It is possible to reduce the dependence on applications’ management of metadata by migrating the auditing functionality to the filesystem layer. Since the FUSE [5] API supports extended attributes, we could store the lineage metadata in a data structure that resides directly in the filesystem. While this improves over the use of auxiliary files by allowing the filesystem to transparently migrate metadata along with data when a file is moved within the filesystem, the problem remains for the case where the file is moved to a remote node.

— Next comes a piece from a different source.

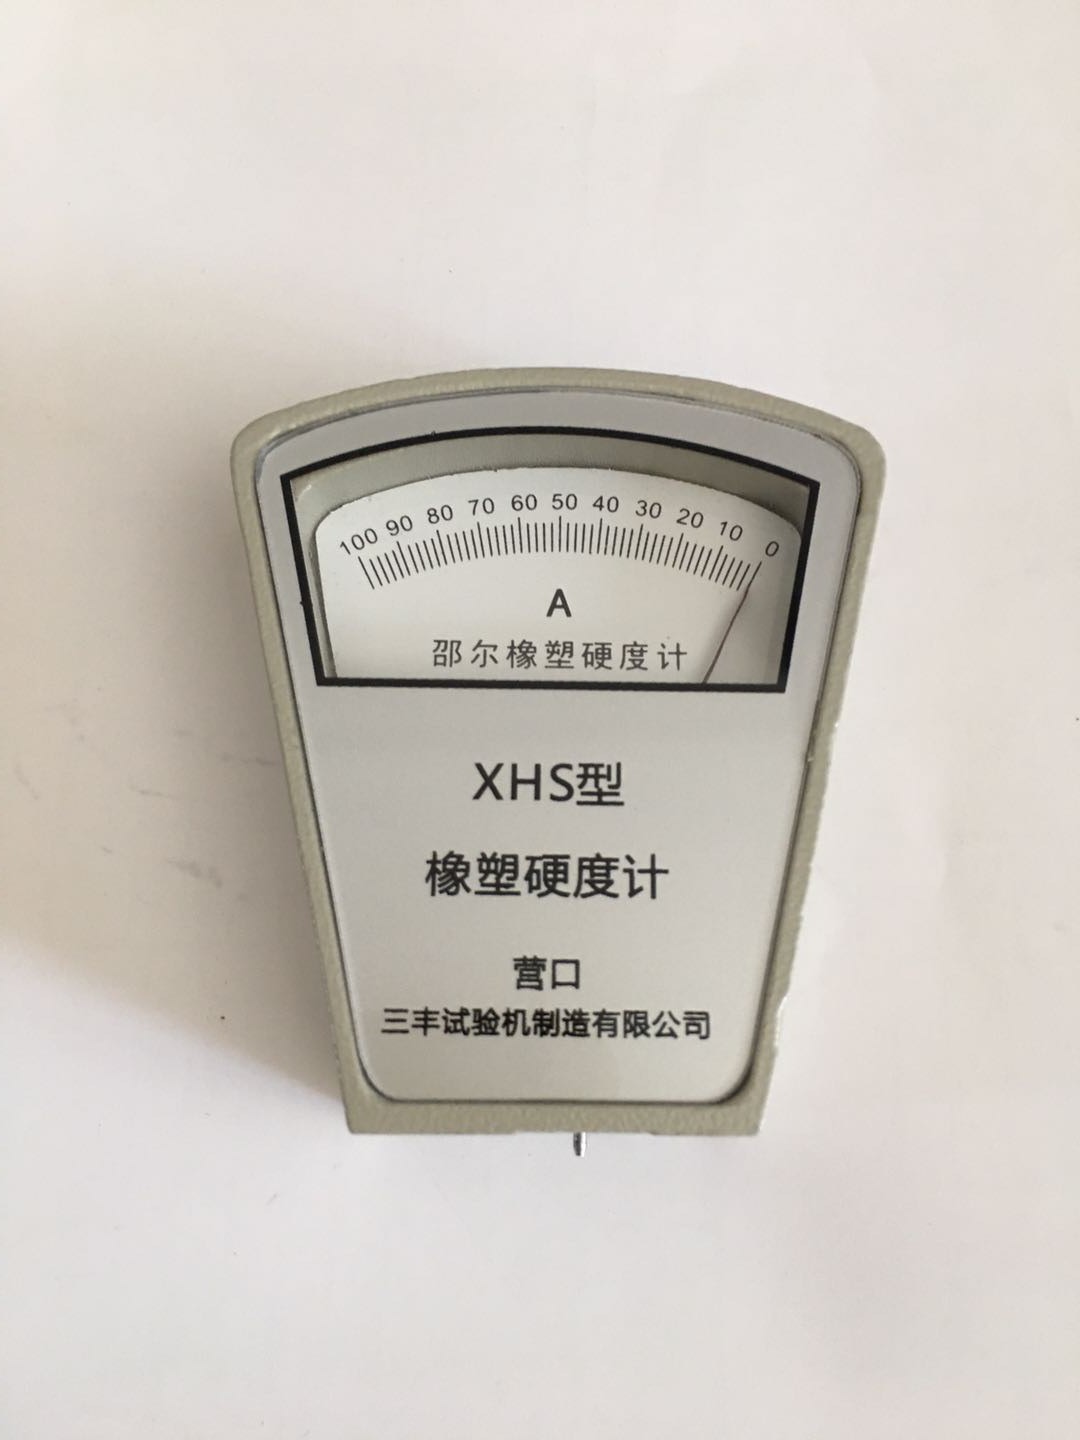 XHS-A邵尔橡胶硬度计 邵氏橡胶硬度计 橡塑硬度计 邵尔硬度计厂家

The use of a local database to store metadata has a long history. Microsoft Windows incorporated a Registry two decades ago to allow applications to store key-value pairs. PASS [17] uses a version of Berkeley DB [13], and LFS [19] uses MySQL [16] to store the provenance metadata. This strategy addresses the issue of the rapid growth of the lineage metadata by opting only to retain it at the node where it was generated rather than propagating it along with a file. Effectively, it exploits the high level of redundancy in the lineage metadata of succeeding generations of data. As occurs in the cases where auxiliary files or filesystem data structures are used to store metadata, there is a loss of coupling between data and metadata when a file is moved to a different node.

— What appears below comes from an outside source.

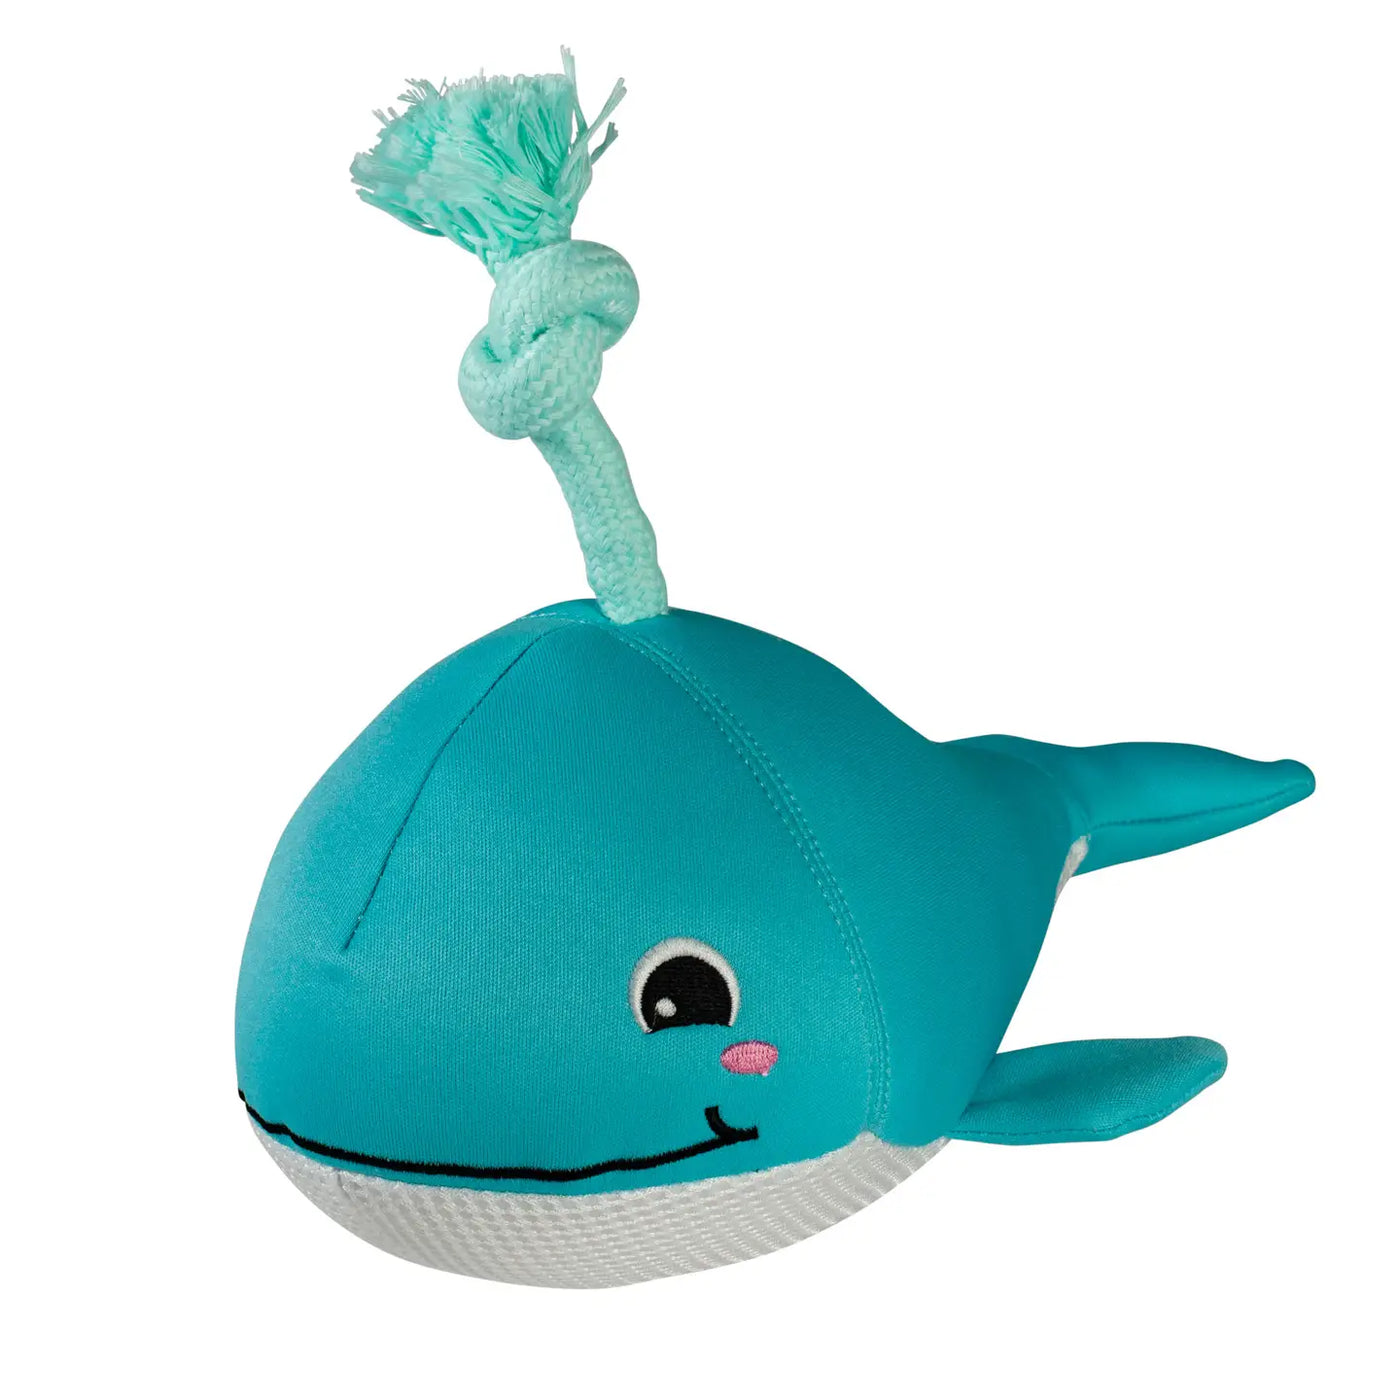 Fringe Floating Toy - Splashy Whale

A natural strategy to address the problem of migrating file access in distributed environments is to utilize a file server that stores the data and gate access to it through clients present on each node. However, this results in degraded performance. If the application used only a small subset of the data in the file, utilizing a file server would allow only the blocks of interest to be transmitted to the clients. Similarly, strong locality of reference would benefit from client caching, and the latency of operations on consecutive blocks could be reduced through precaching. In principle, it is possible to subordinate consistency to performance by weakening the synchronization between copies of the data. For example, Sun’s Network File System [14] treats a client’s copy of data as consistent for 3 seconds after retrieval from the server. However, this strategy is of limited utility for Grid computing workloads that may serially modify large fractions of a file that may be gigabytes or terabytes in size [21].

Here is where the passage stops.